4. Osmotic laxatives, such as lactulose, polyethylene glycol, or milk of magnesia, may be prescribed if fiber supplements don't help lessen constipation associated with IBS symptoms. Laxatives work in different ways. They make the stools softer by increasing intestinal fluid, so that stools can pass out more easily. However, it is reported that laxatives may cause an obstruction in the GI tract. Therefore, people with IBS-related constipation should consume plenty of fluids while taking an osmotic laxative.

5. Antidepressants, such as selective serotonin reuptake inhibitors (SSRIs) and tricyclic antidepressants (TCAs), have been reported to relieve stomach pain and cramping with low doses. Although a higher incidence of psychological disorders, such as depression and anxiety, is often found in people with IBS, but these medications can be used in IBS patients without mental illnesses, as they can provide pharmacological effects independent of any antidepressant effect. Antidepressants are often prescribed if persistent IBS symptoms have not been relieved by other medications.

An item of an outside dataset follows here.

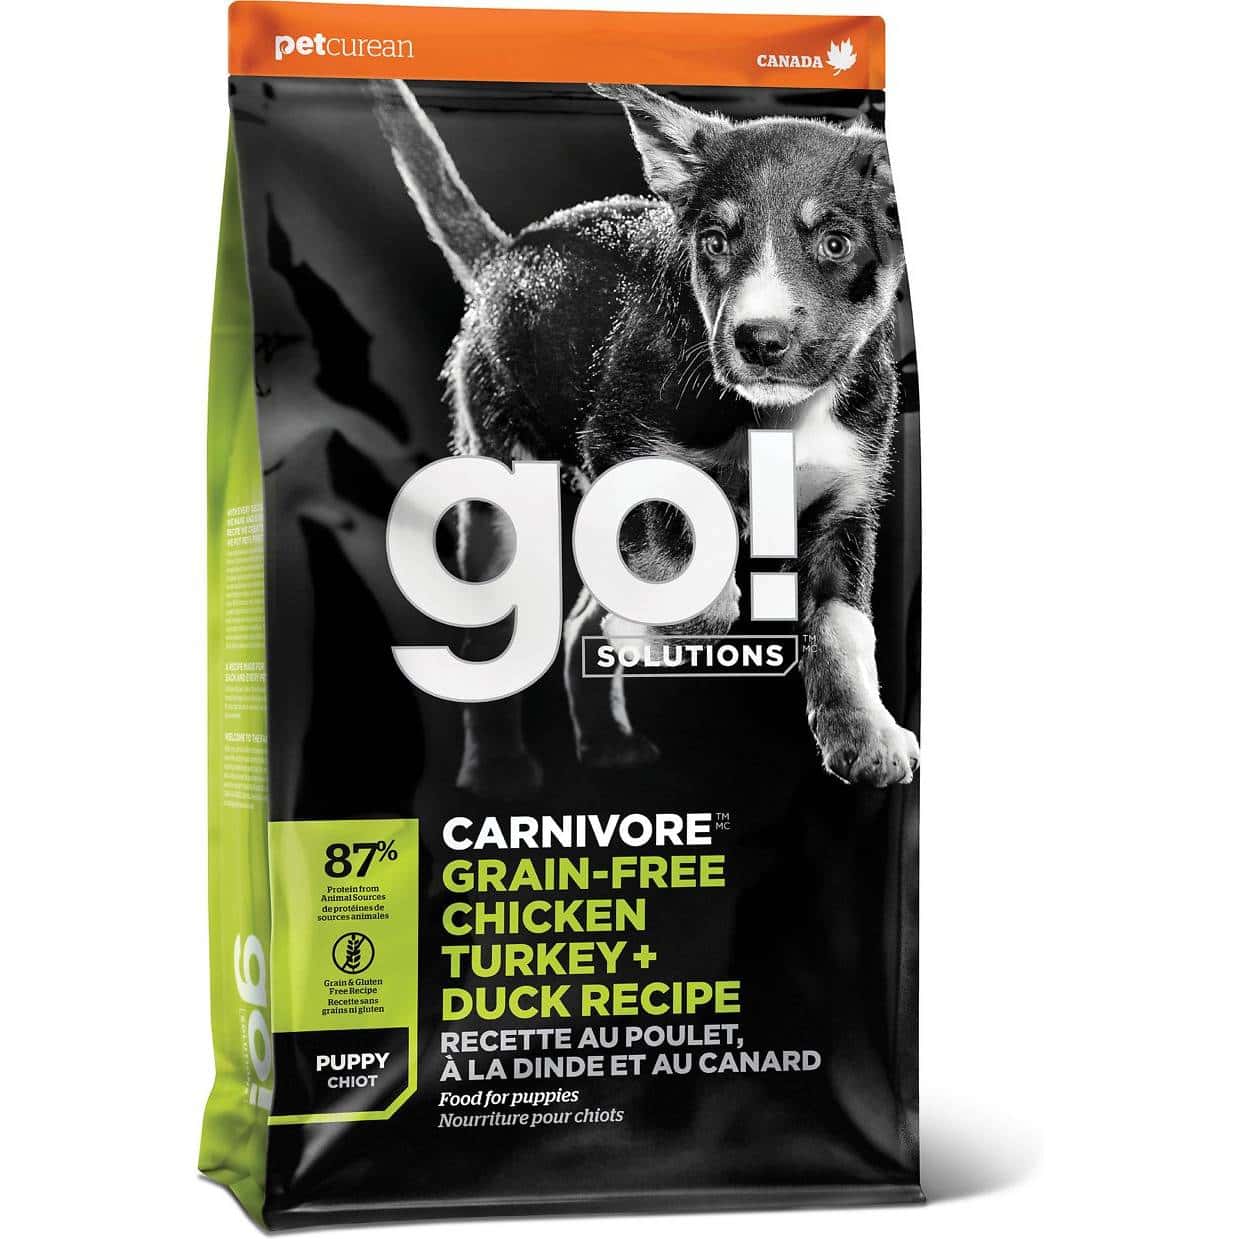 Go! Solutions Carnivore Grain-Free Chicken, Turkey + Duck Puppy Recipe (1)

Low doses of TCAs, such as imipramine and amitriptyline, have shown to work best when abdominal pain and diarrhea are the main symptoms. However, TCAs are not advised for IBS patients who have bouts of constipation, because they may worsen constipation. SSRIs, such as fluoxetine and paroxetine, are occasionally used for IBS. They can help reduce pain and bloating sensations as well as facilitate intestinal transport and secretions. Studies suggest SSRIs are better for patients with IBS associated constipation and depression.

6. Rifaximin, a semisynthetic antibiotic derived from rifamycin, is occasionally prescribed for IBS patients to eliminate intestinal bacteria and reduce abdominal bloating. This drug is used in IBS treatment because of its poor oral bioavailability. After oral intake, only a little of the drug is absorbed into the blood and most of the drug stays in the gut. Experts believe rifaximin may help relieve symptoms of diarrhea in an IBS patient if there is an overgrowth of bacteria in the intestine.